*** Data provided ***

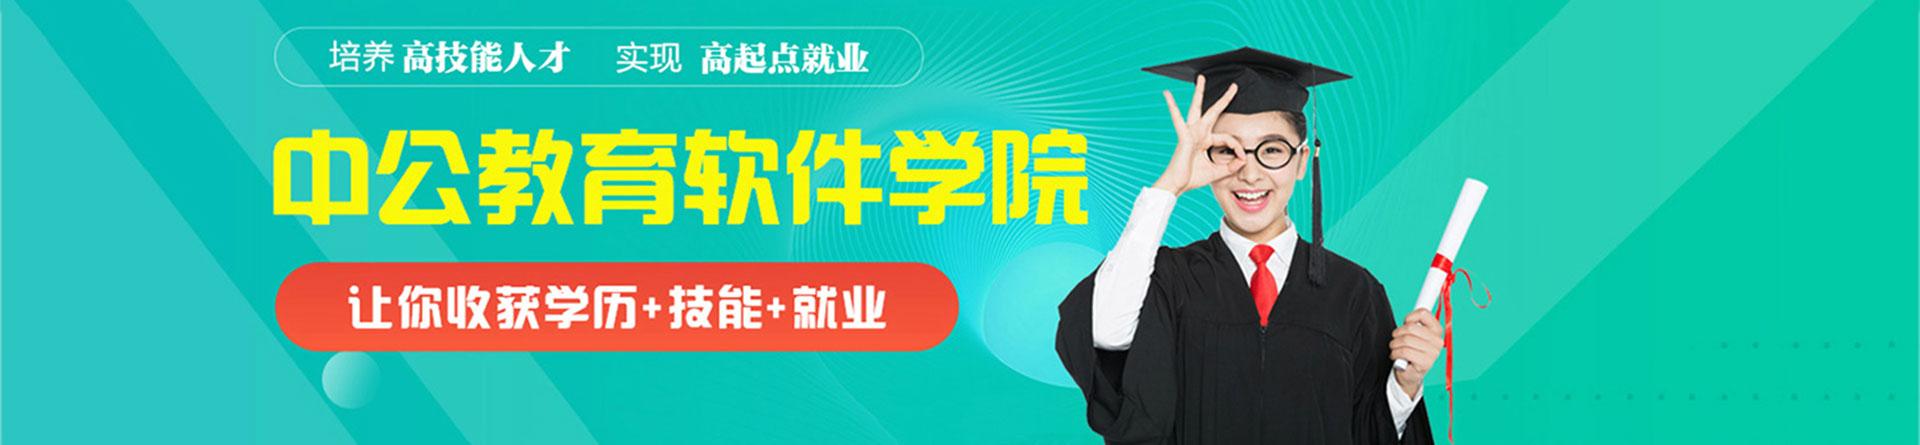 郑州中公优就业
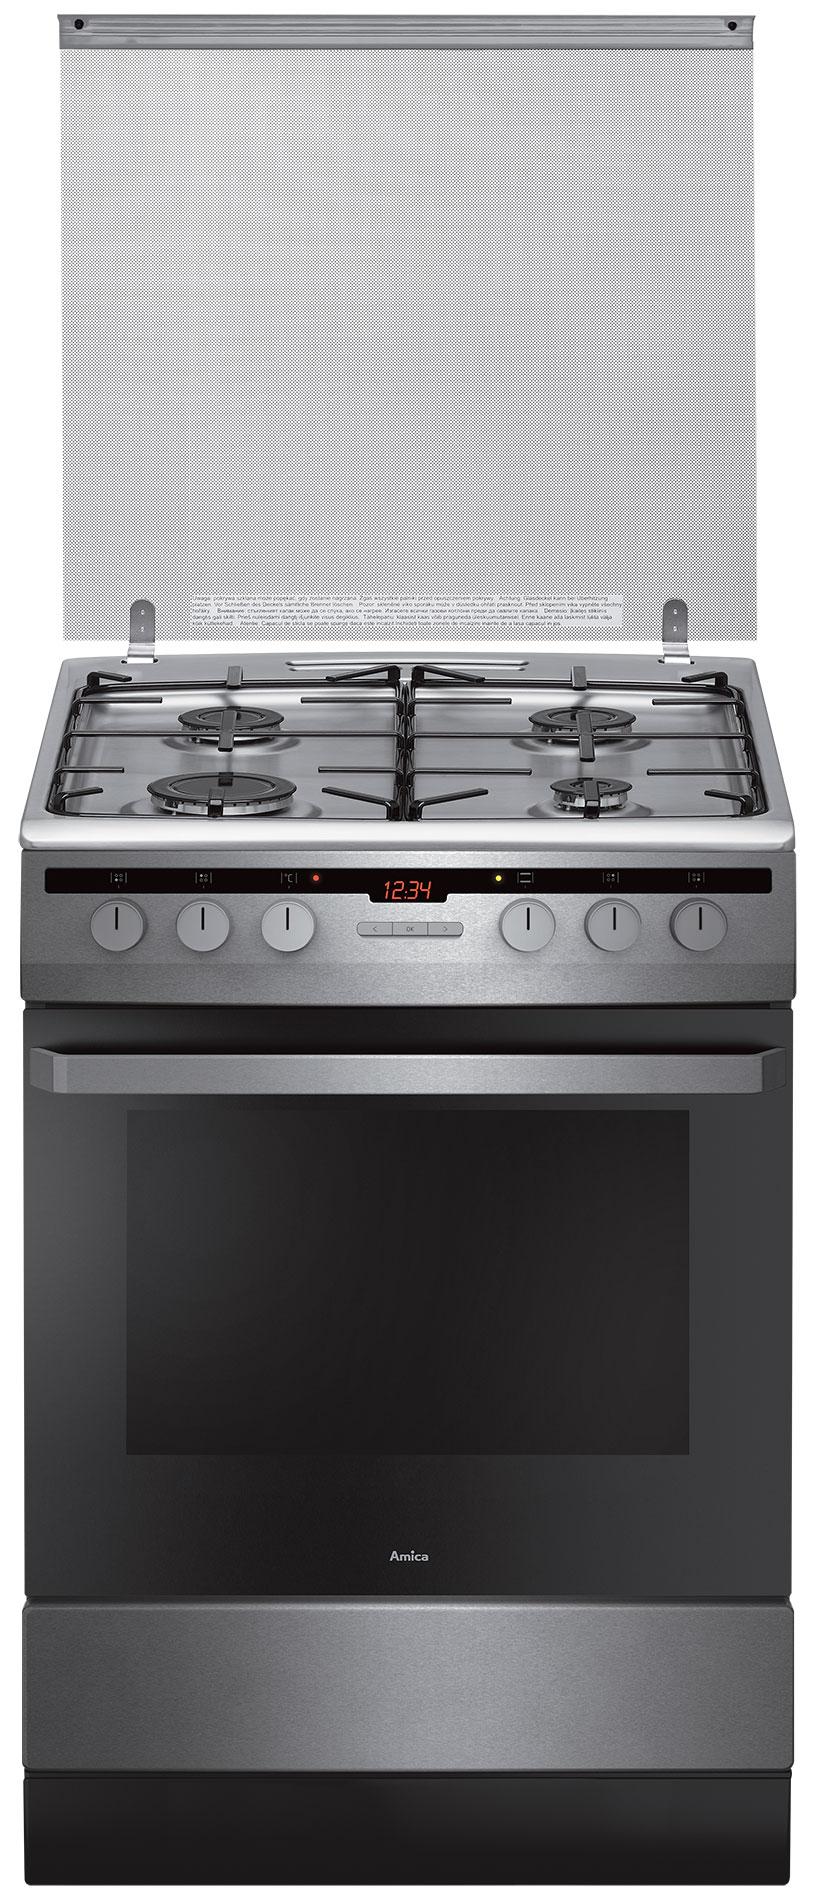 Kuchnia wolnostojąca gazowo elektryczna 618GES2 33HZpTaN(Xx)  Amica -> Kuchnia Amica Do Zabudowy Instrukcja Obslugi
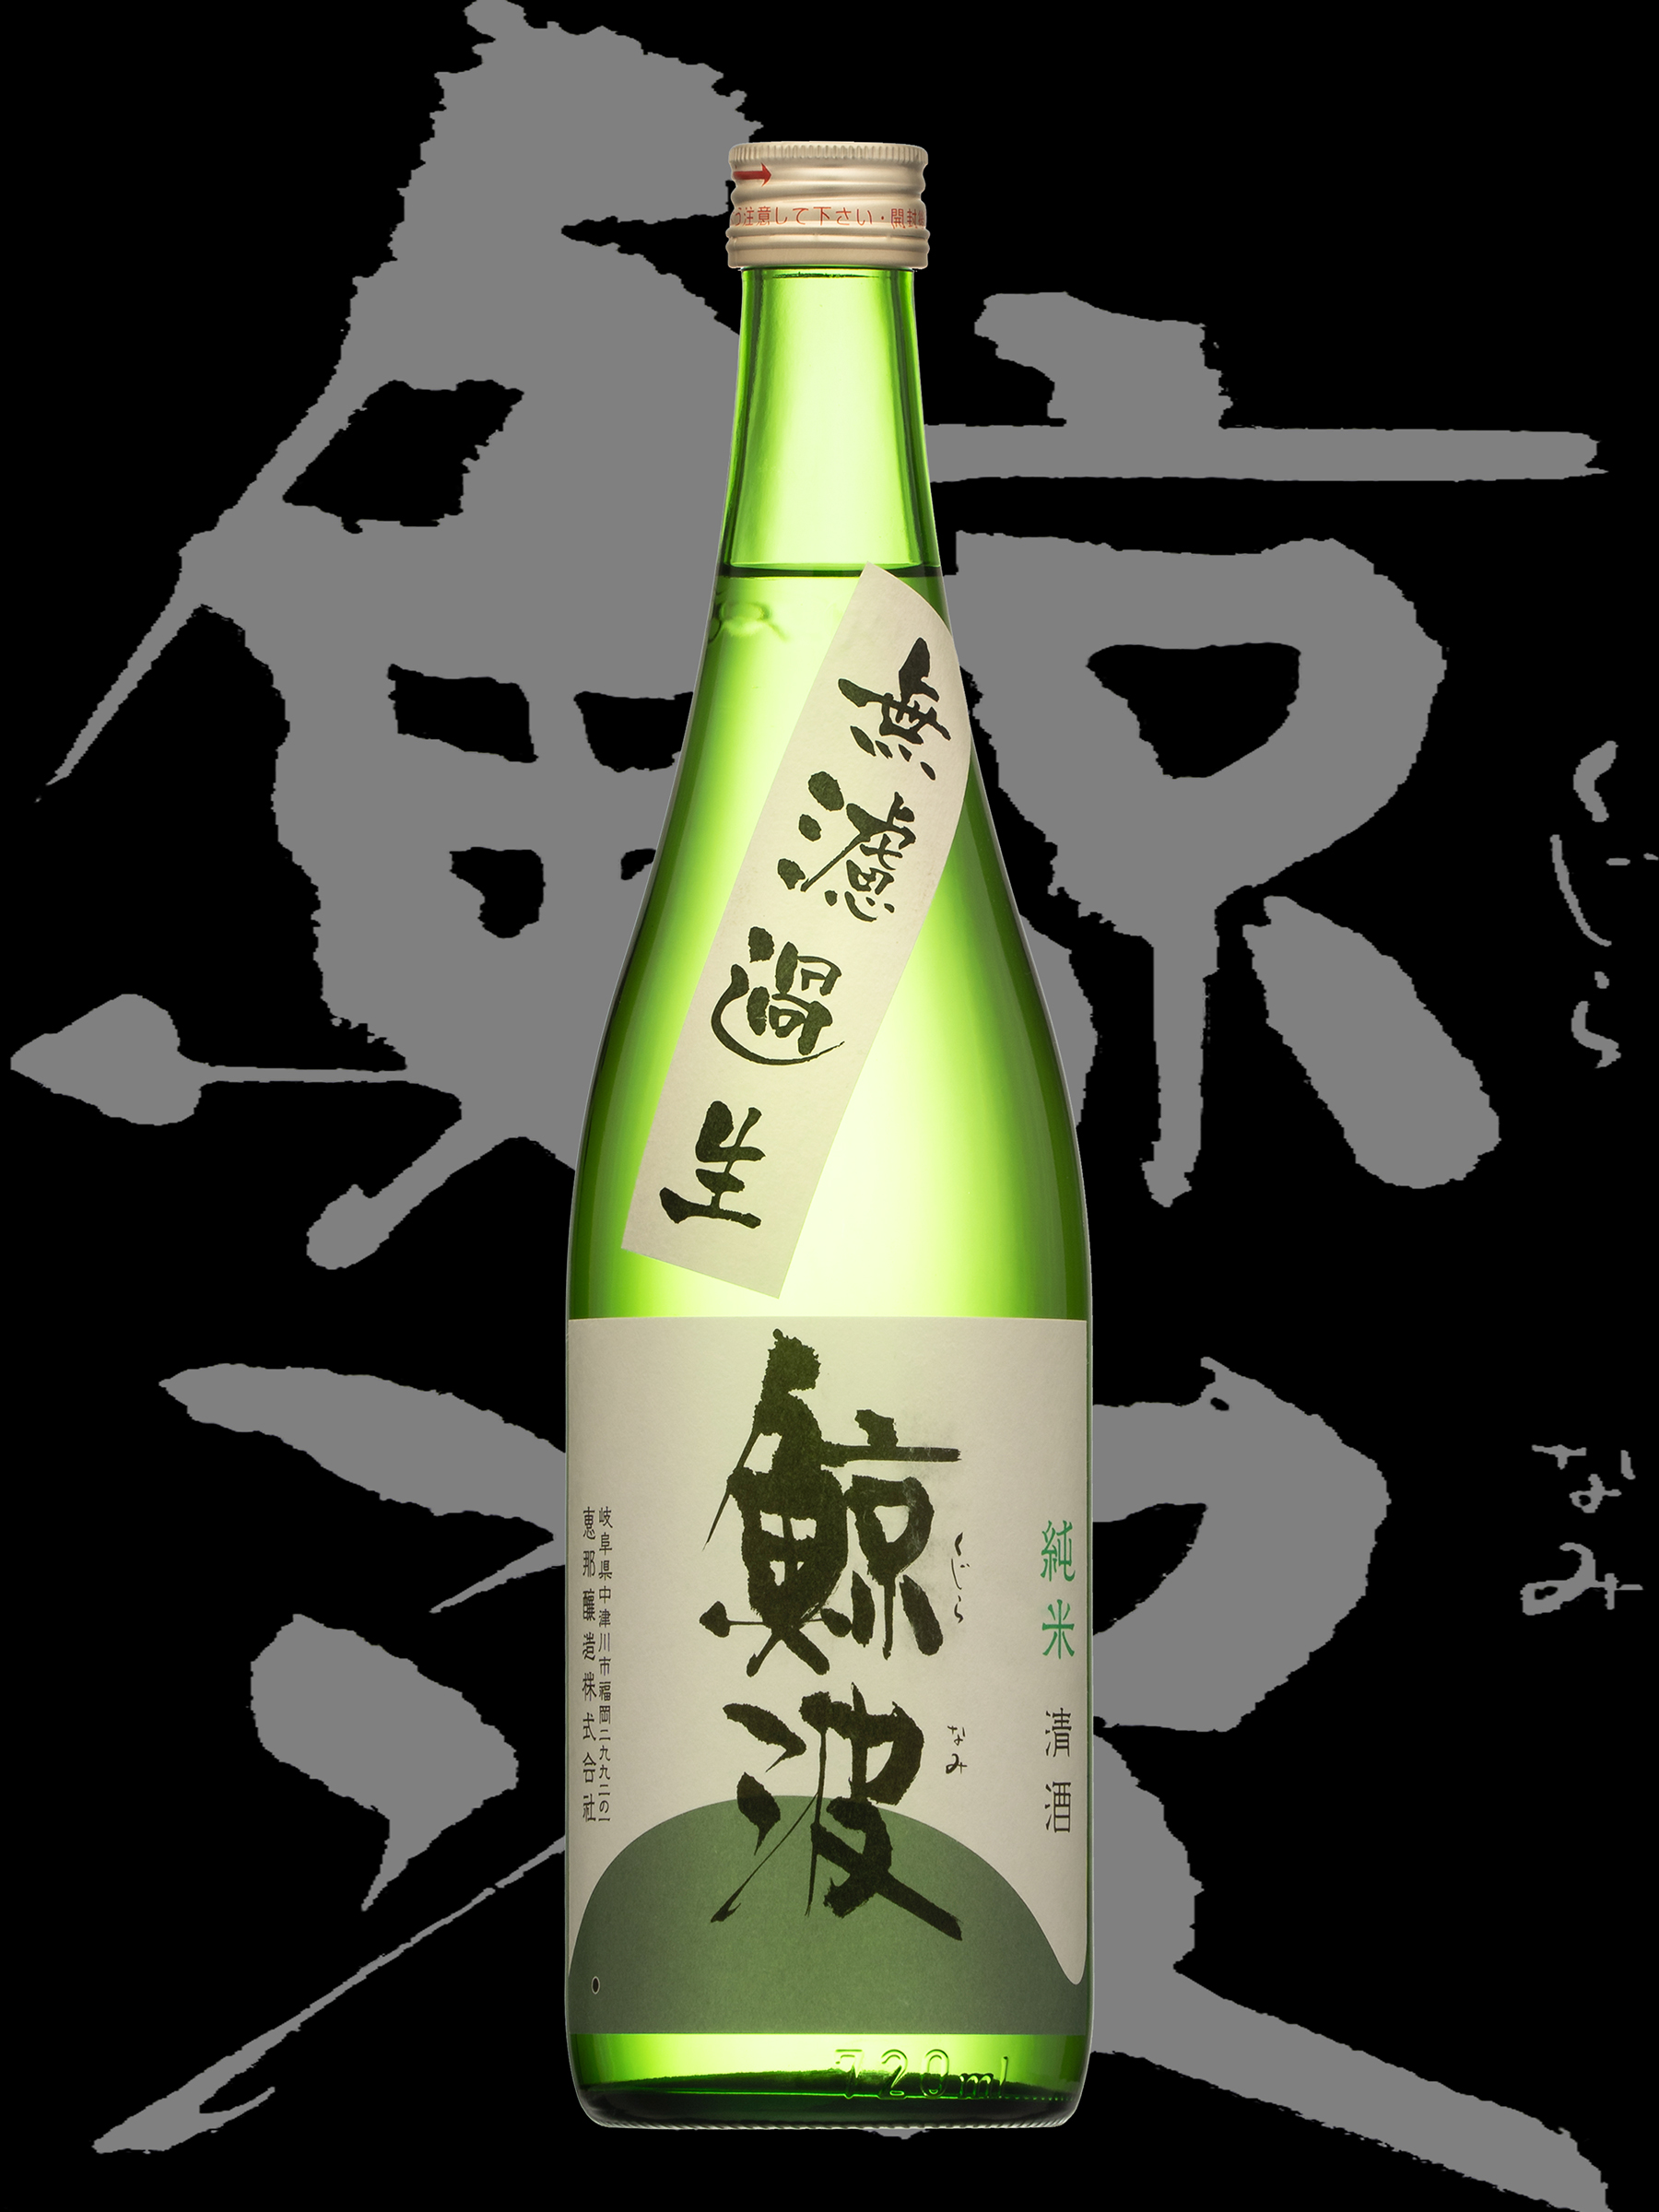 鯨波(くじらなみ)「純米」無濾過生R2BY

*** End of Data provided ***

> _Instructions to follow_
Would you print all of the material exactly as written, minus the pictures?

> _Response to the exercise_
 郑州中公优就业
 Kuchnia wolnostojąca gazowo elektryczna 618GES2 33HZpTaN(Xx)  Amica -> Kuchnia Amica Do Zabudowy Instrukcja Obslugi
 鯨波(くじらなみ)「純米」無濾過生R2BY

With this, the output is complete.